Source records
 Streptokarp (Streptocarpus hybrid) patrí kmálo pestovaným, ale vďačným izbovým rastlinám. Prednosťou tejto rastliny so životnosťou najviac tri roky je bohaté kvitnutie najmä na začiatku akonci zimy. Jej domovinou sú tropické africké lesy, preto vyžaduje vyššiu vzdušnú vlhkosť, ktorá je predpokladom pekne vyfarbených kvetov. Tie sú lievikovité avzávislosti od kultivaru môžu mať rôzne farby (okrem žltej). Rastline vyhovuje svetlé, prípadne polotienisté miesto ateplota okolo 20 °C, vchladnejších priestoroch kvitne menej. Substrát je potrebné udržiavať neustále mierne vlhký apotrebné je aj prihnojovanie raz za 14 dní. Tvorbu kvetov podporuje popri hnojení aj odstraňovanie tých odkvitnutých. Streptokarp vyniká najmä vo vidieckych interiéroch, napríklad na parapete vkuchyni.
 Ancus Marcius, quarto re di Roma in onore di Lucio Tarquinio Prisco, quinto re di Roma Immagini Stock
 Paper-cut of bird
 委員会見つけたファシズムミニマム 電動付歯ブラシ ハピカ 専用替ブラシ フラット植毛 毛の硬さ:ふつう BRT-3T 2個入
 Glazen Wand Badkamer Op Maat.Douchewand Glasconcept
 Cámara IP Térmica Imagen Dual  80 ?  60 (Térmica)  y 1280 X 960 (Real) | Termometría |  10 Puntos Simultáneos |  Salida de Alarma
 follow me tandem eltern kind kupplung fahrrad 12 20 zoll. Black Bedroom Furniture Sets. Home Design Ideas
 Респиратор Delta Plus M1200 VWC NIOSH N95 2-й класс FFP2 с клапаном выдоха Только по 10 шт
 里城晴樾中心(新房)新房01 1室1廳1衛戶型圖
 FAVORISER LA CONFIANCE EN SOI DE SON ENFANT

Task
All records above need to be set down again exactly as written.

Reply to the task
 Streptokarp (Streptocarpus hybrid) patrí kmálo pestovaným, ale vďačným izbovým rastlinám. Prednosťou tejto rastliny so životnosťou najviac tri roky je bohaté kvitnutie najmä na začiatku akonci zimy. Jej domovinou sú tropické africké lesy, preto vyžaduje vyššiu vzdušnú vlhkosť, ktorá je predpokladom pekne vyfarbených kvetov. Tie sú lievikovité avzávislosti od kultivaru môžu mať rôzne farby (okrem žltej). Rastline vyhovuje svetlé, prípadne polotienisté miesto ateplota okolo 20 °C, vchladnejších priestoroch kvitne menej. Substrát je potrebné udržiavať neustále mierne vlhký apotrebné je aj prihnojovanie raz za 14 dní. Tvorbu kvetov podporuje popri hnojení aj odstraňovanie tých odkvitnutých. Streptokarp vyniká najmä vo vidieckych interiéroch, napríklad na parapete vkuchyni.
 Ancus Marcius, quarto re di Roma in onore di Lucio Tarquinio Prisco, quinto re di Roma Immagini Stock
 Paper-cut of bird
 委員会見つけたファシズムミニマム 電動付歯ブラシ ハピカ 専用替ブラシ フラット植毛 毛の硬さ:ふつう BRT-3T 2個入
 Glazen Wand Badkamer Op Maat.Douchewand Glasconcept
 Cámara IP Térmica Imagen Dual  80 ?  60 (Térmica)  y 1280 X 960 (Real) | Termometría |  10 Puntos Simultáneos |  Salida de Alarma
 follow me tandem eltern kind kupplung fahrrad 12 20 zoll. Black Bedroom Furniture Sets. Home Design Ideas
 Респиратор Delta Plus M1200 VWC NIOSH N95 2-й класс FFP2 с клапаном выдоха Только по 10 шт
 里城晴樾中心(新房)新房01 1室1廳1衛戶型圖
 FAVORISER LA CONFIANCE EN SOI DE SON ENFANT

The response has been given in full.